Fri, Oct 30, 2009 - Page 3 News List

US ground beef still banned: premier

BEEFING UP THEIR ARGUMENT: The premier said the government would use a number of administrative measures to make sure that sensitive beef products stay out of Taiwan

By Shih Hsiu-chuan and Jimmy Chuang  /  STAFF REPORTERS

Despite signing a protocol lifting the ban on US bone-in beef and beef products from cattle younger than 30 months, excluding cow tonsils and the distal ileum of the small intestine, Premier Wu Den-yih (吳敦義) said yesterday that the government would not lift the ban on ground beef and beef offal from the US.

“There will be no ground [US] beef and [US] beef offal on the market ... According to my understanding, no one will apply to import [the products], and the Department of Health [DOH] will reject their requests on the basis of related rules and regulations,” Wu told reporters at the Executive Yuan, without elaborating.

In an attempt to ease public concern over the safety of US beef, Wu responded positively to the request made by some local governments, lawmakers and consumer groups to exclude ground beef and internal organs from imports by imposing administrative measures.

“It’s neither a problem of risk assessment, nor food safety. The problem now is that people doubt about the products. The government has to face [their doubts] squarely,” Wu said.

Under DOH administrative measures, importers will be required to join an association through which they can apply to import ground meat and internal organs, Executive Yuan Spokesman Su Jun-pin (蘇俊賓) said.

The government said previously that it would also ban the import of brains, spinal cords, eyes and skulls from cattle less than 30 months of age in the supplementary clause under the protocol between Taiwan and the US.
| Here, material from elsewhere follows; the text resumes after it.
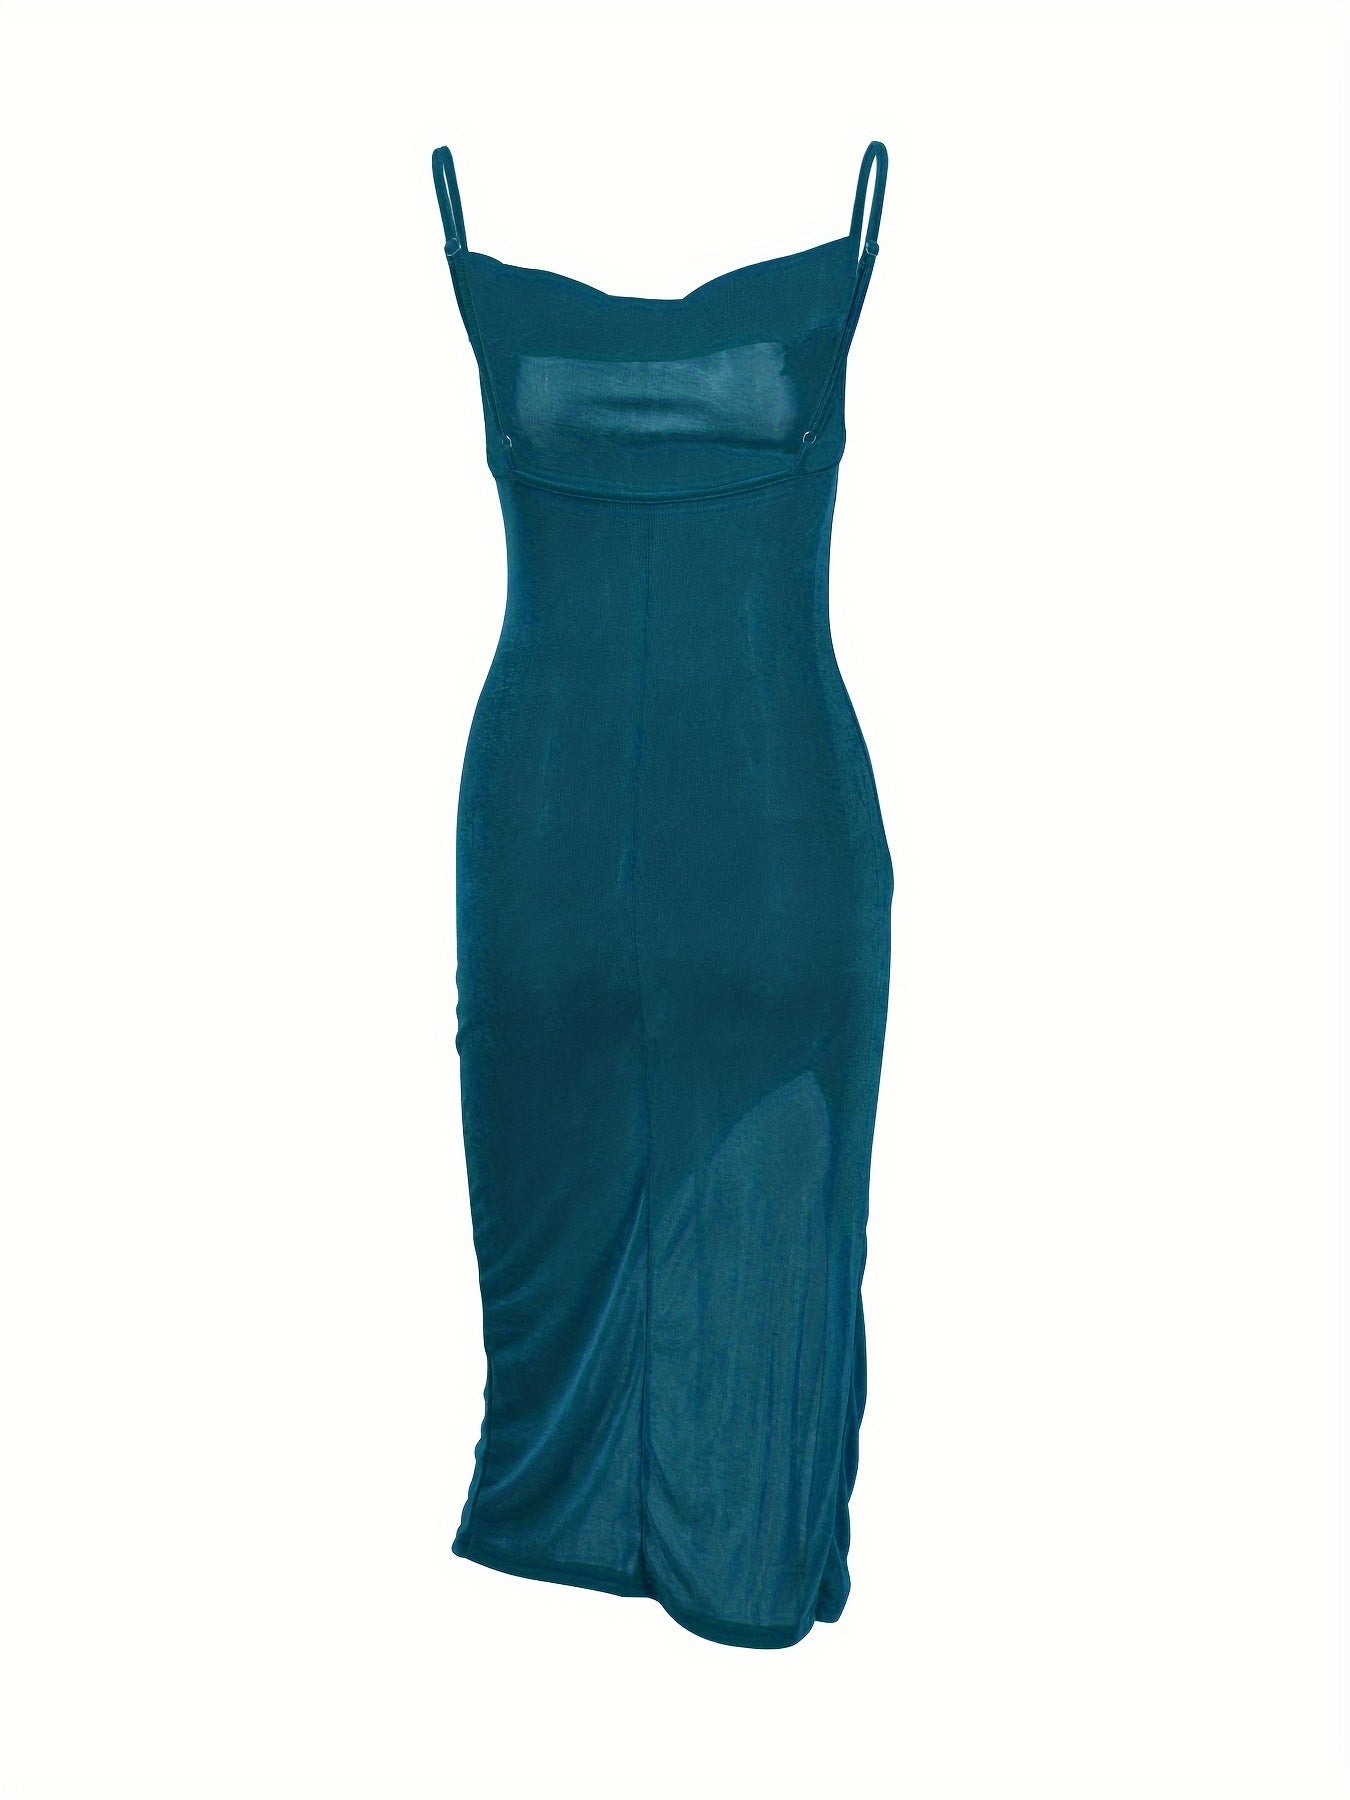 vzyzv  Solid Cowl Neck Cami Dress, Elegant Split Dress For Spring & Summer, Women's Clothing

However, the government did not make the supplementary clause public.

The protocol states that the four ­products, defined as non-specific risk materials or without food-safety hazards, can be imported. It says that as long as importers do not place orders and these items are detected during the import inspection process, the DOH may return the box or boxes.

The American Institute in Taiwan (AIT) declined to respond directly to Wu’s statement, except to say that the details of the deal were contained in the protocol signed by the Taipei Economic and Cultural Representative Office (TECRO) and AIT.

AIT press officer Christopher Kavanagh reiterated Washington’s stance that US beef has been deemed by international standards created by the World Organization for Animal Health (OIE) to be safe for human consumption and that the public should look at the science-based evidence.

At the legislature yesterday, Chinese Nationalist Party (KMT) ­Legislator Yang Li-huan (楊麗環) asked Department of Health Minister Yaung Chih-liang (楊志良) what the government would do if a case of variant Creutzfeldt-Jakob disease (vCJD), the human form of bovine spongiform encephalopathy (BSE), or mad cow disease, was discovered in Taiwan because of US beef consumption.

Yang appeared to be unaware of the implications of the scenario she described given the disease’s incubation period.

Yaung said the ban would be immediately resumed if vCJD were discovered in Taiwan.

“We can do so immediately by following our own food regulations and laws,” Yaung said.

Yaung, however, urged the public not to panic about US beef because the policy to allow imports was made after careful consideration.

“The potential danger from eating US beef is almost zero,” he said.

KMT Legislator Sun Ta-chien (孫大千) was not happy with that.

“When you say it is ‘almost safe,’ you mean there is still a risk,” Sun said.